AUGUSTA — Paul Casey admitted he caught a pretty lucky break Thursday at Augusta National Golf Club.
Casey, the 43-year-old Englishman still searching for his first major championship, was scheduled for a 7:44 a.m. tee time for the first round of the Masters Tournament.
He wasn’t looking forward to waking up to all of the rain in the morning forecast, much less playing in it.
Then the horn blew.
A nearly three-hour delay forced the first couple of groups – including Kevin Kisner’s – back inside after just a few shots, and Casey avoided the weather altogether.
He came back out and fired a bogey-free 65, matching his career low at Augusta National in his 14th Masters appearance, and leads by two following a rain-fractured Thursday that ended with 44 players still on the course.
“I felt like, to be honest, that was a very good break that I capitalized on because it was a glorious day for golf, really, after that,” said Casey, the 22nd-ranked player in the world. “… I got through Amen Corner unscathed, and picked one up on 13. And yeah, it was just very, very solid golf. … I did the right things when I needed to, and to be honest, you rarely walk off this golf course going, ‘It could have been two or three better.’ But it kind of felt that way. I don’t want to be greedy. I’m very, very happy with my 65.”
Webb Simpson, Xander Schauffele and Justin Thomas – who only squeezed in 10 holes before sunlight ran out – are all two back at 5 under. A big crowd of past champions – like Tiger Woods, Patrick Reed and Adam Scott – and those still hunting for their first major – like Lee Westwood and Hideki Matsuyama – are another shot behind at 4 under.
Casey was vocal earlier this year about not enjoying golf in a pandemic, and he said Thursday he’s not been able to draw much from playing tournament golf in these current, spectator-free times.
The lack of energy he’s felt elsewhere, though, doesn’t apply to Augusta National.
“The Masters, though, this week – it still has a buzz to it,” he said. “There’s an energy and a little bit of a vibe. Yes, it’s clearly a lot less than what we are used to, but there’s still something about this place that is still – I felt excited to be here.”
He created a buzz of his own, starting out right away with a birdie on No. 10 to open the round.

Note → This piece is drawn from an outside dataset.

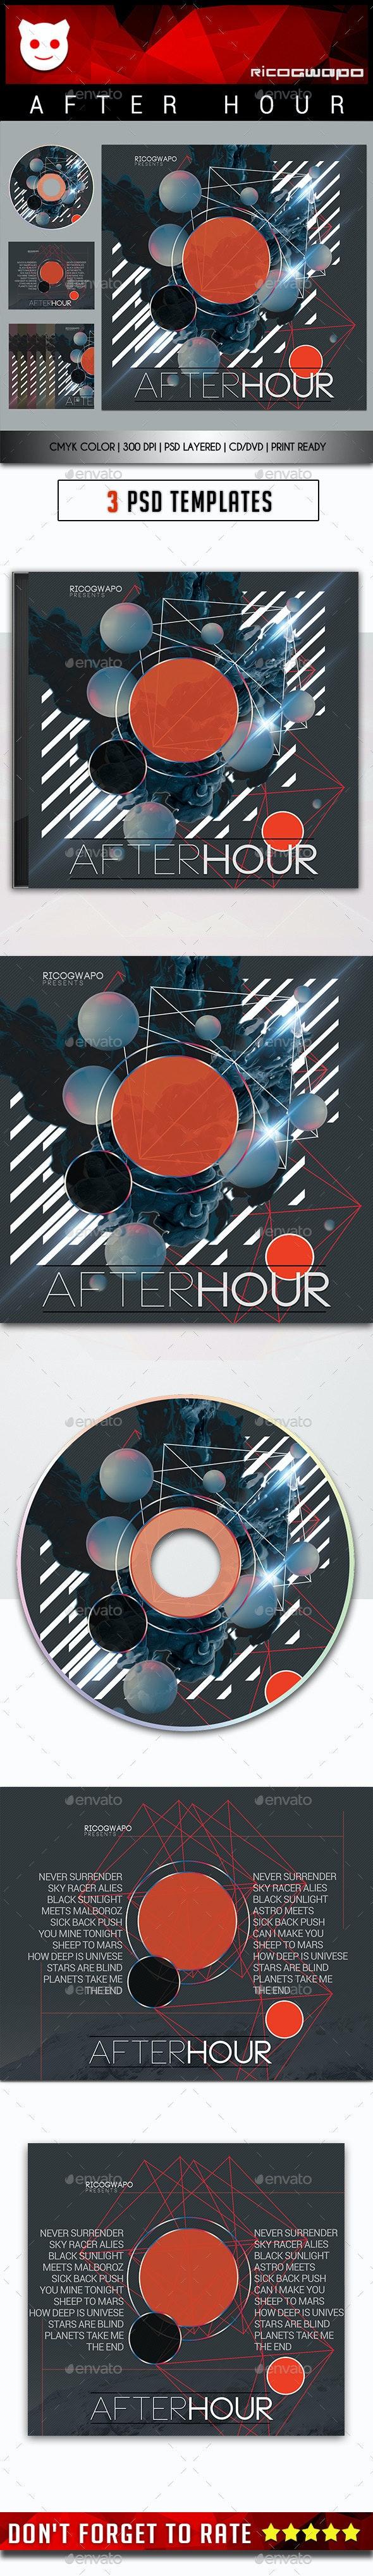 After Hour Cd/DVD Template - CD & DVD Artwork Print Templates
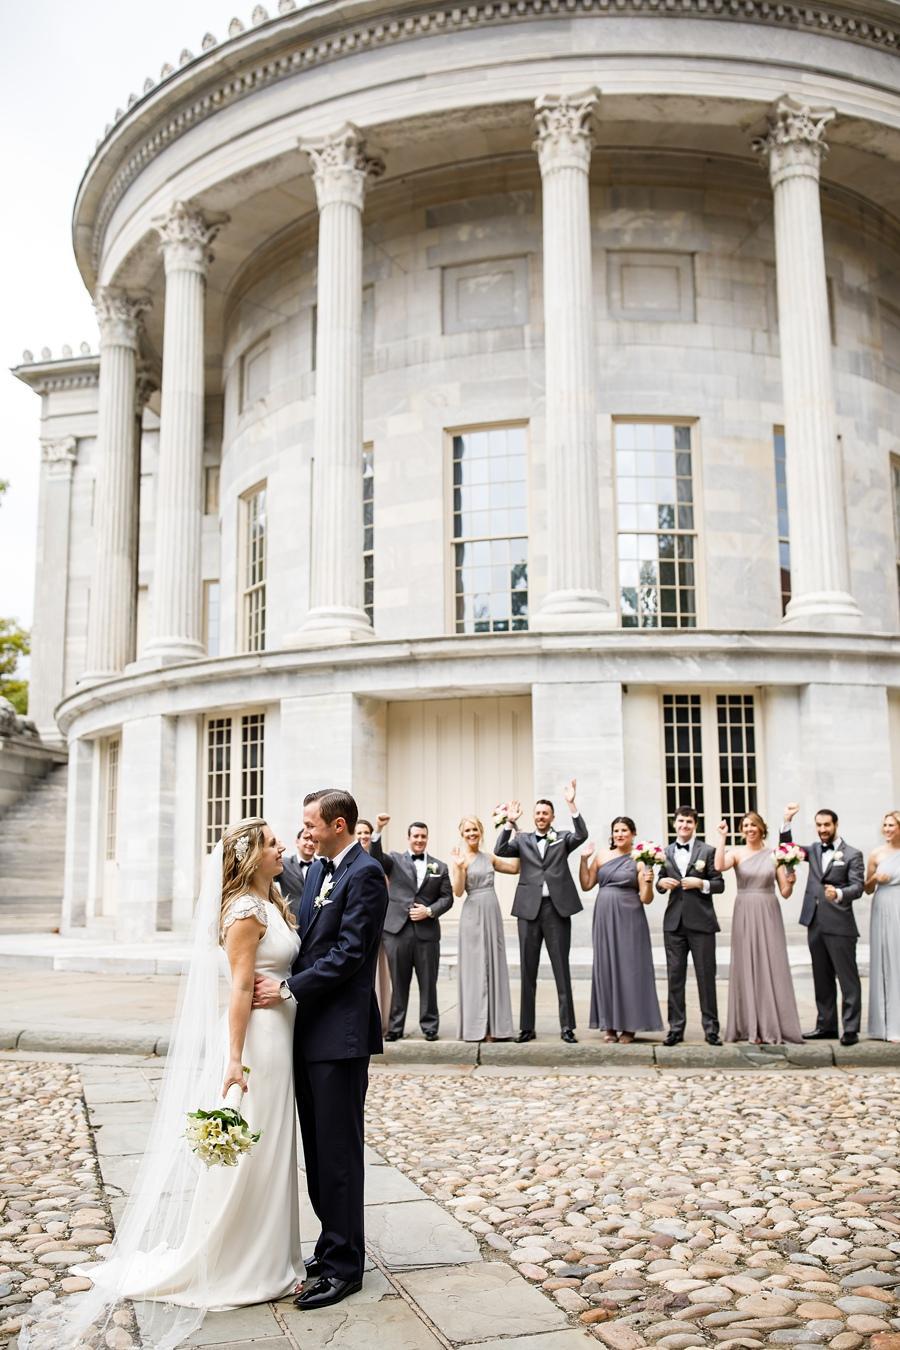 Classic Philadelphia Wedding at Union Trust Anastasia Romanova Photography Philly In Love Philadelphia Weddings Venues Vendors

He birdied the par-5 13th and 15th holes, then added another at 16 to turn in 4-under 32.
His approach into the par-5 second hole showed how players can attack a saturated Augusta National.
Casey hit a 6-iron 213 yards to a pin located just four paces off the left edge of the green. He landed it in a spot that, in April, would result in his ball bounding off the green and into the patrons.
In November, it stuck 5 feet from the pin. He made eagle there for the big highlight in his 65, a score 16 strokes lower than his first round last year.
Plenty of other players took advantage of the soft, receptive greens, taking dead aim at pins and putting more aggressively than they would at a regular Masters. Fifty players were under par at the end of the day.
Woods, the defending champion and five-time winner here, was one of them. He went bogey-free for the first time in his career in a first round at the Masters – and the first time he hasn’t made a bogey in his last 106 rounds at major championships.
“I got off to a fast start today, but I think everyone is. Everyone is going low out there today,” said Woods. “With these conditions, you have to. You have to be aggressive. There’s no reason why you can’t fire at a lot of the flags.”
Of course, this is still Augusta National, and the course can bite back when players get too greedy.
One of those was Bryson DeChambeau, a tournament co-favorite and talk of the golf world with his oversized swing. He got burned on 13, pumping his drive too far left and taking an early double bogey. Still, he fought back to make five birdies from there and is still very much in good shape at 2 under.
So is 62-year-old Augusta native Larry Mize, the 1987 champion who birdied holes 2-4 to put his nameplate on the big leaderboard.
“I did happen to see that. Wow, that’s kind of cool,” said Mize, who made six birdies for the day. “I’d like to be there more often. It’s always fun to see your name up on the leaderboard. I’m sorry I couldn’t keep it. But it was nice to come back and finish really well on the back nine. I played really solid coming in and really felt good.”
World No. 1 Dustin Johnson and No. 2 Jon Rahm lead the group at 3 under. Rahm was in DeChambeau’s group and completed 18 holes, but Johnson still has half of his round to play.
He, Thomas and dozens of others will be back out at 7:30 a.m. Friday to finish their first rounds. If there are no further delays, the second round will start at approximately 9:35 a.m.
Johnson and Rahm, top two players in the world, lead the group at 3 under. Rahm done, DJ thru 9.